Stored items
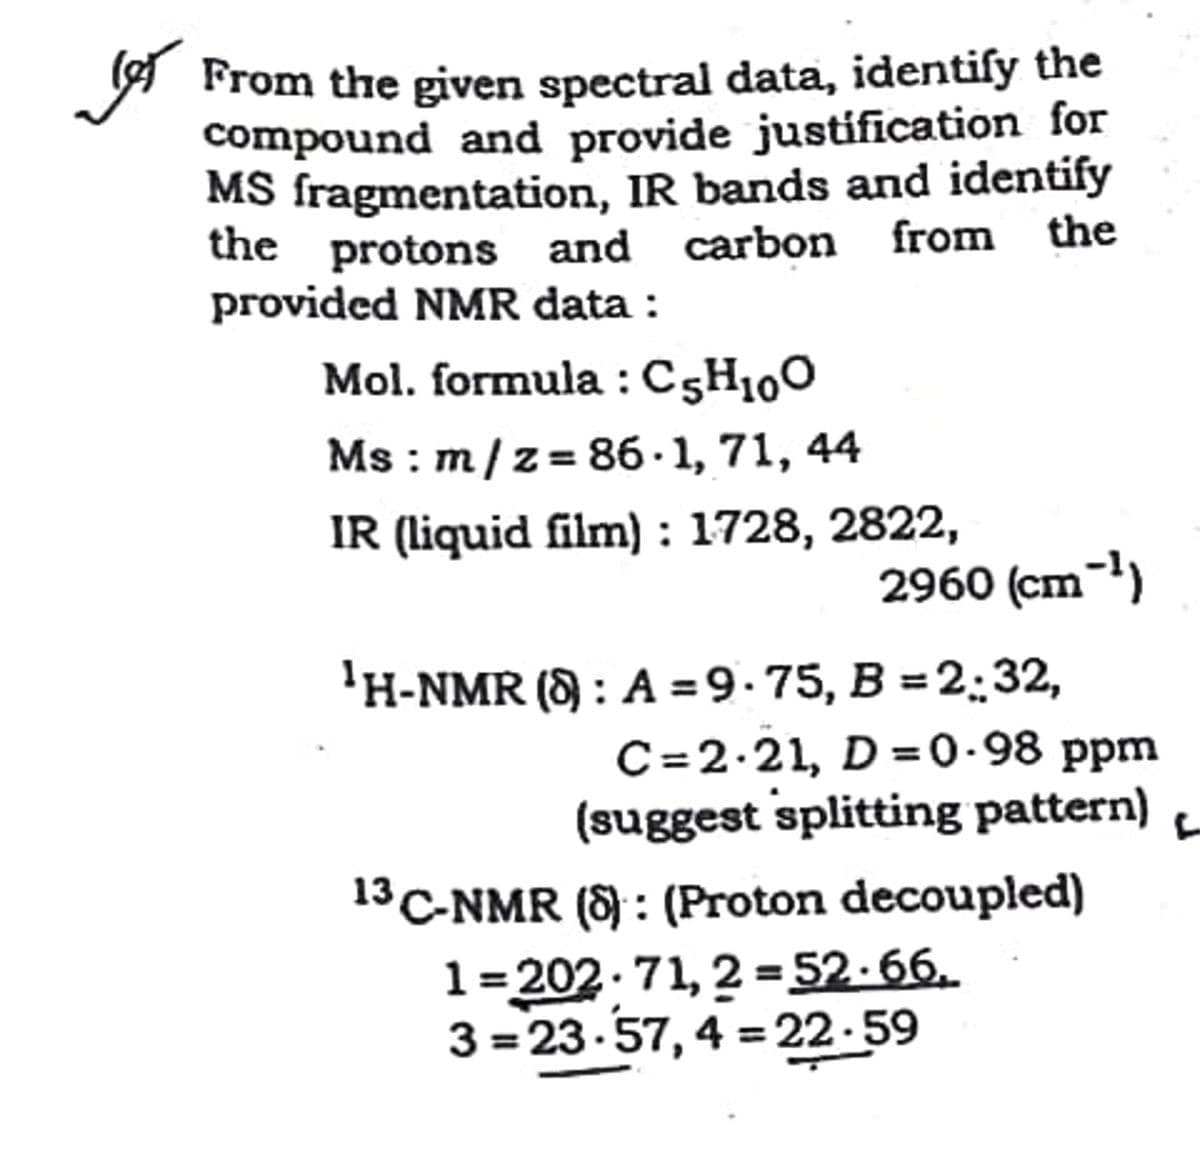 A From the given spectral data, identiſy the
compound and provide justification for
MS fragmentation, IR bands and identify
the protons and carbon from the
provided NMR data :
Mol. formula : C5H100
Ms : m/z= 86· 1, 71, 44
IR (liquid film) : 1728, 2822,
2960 (cm-)
'H-NMR (8 : A =9.75, B = 2:32,
C=2.21, D =0-98 ppm
(suggest splitting pattern)
13 C-NMR (8 : (Proton decoupled)
1=202.71, 2 =52.66.
3 = 23-57, 4 =22-59
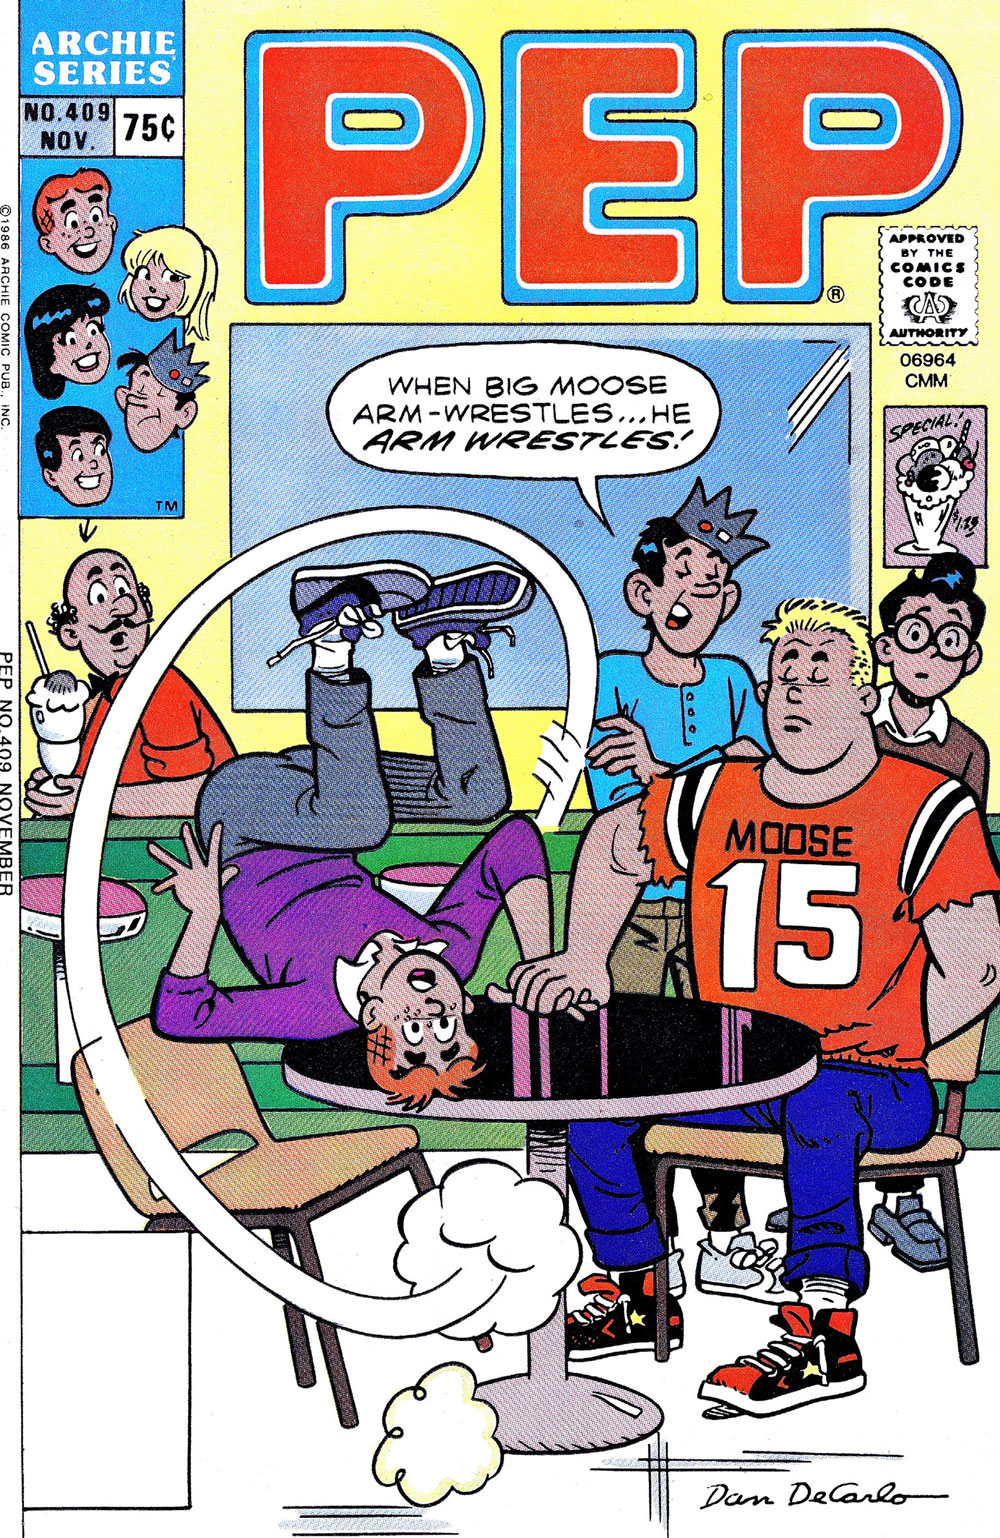 Moose and Archie are arm wrestling at Pop's diner, and Moose has flipped Archie over completely on his head. Jughead says when Big Moose arm wrestles, he really arm wrestles.

Directions for this task: Each line of the data is to be duplicated exactly; pictures stay out of the copy.

Finished task:
 A From the given spectral data, identiſy the
compound and provide justification for
MS fragmentation, IR bands and identify
the protons and carbon from the
provided NMR data :
Mol. formula : C5H100
Ms : m/z= 86· 1, 71, 44
IR (liquid film) : 1728, 2822,
2960 (cm-)
'H-NMR (8 : A =9.75, B = 2:32,
C=2.21, D =0-98 ppm
(suggest splitting pattern)
13 C-NMR (8 : (Proton decoupled)
1=202.71, 2 =52.66.
3 = 23-57, 4 =22-59
 Moose and Archie are arm wrestling at Pop's diner, and Moose has flipped Archie over completely on his head. Jughead says when Big Moose arm wrestles, he really arm wrestles.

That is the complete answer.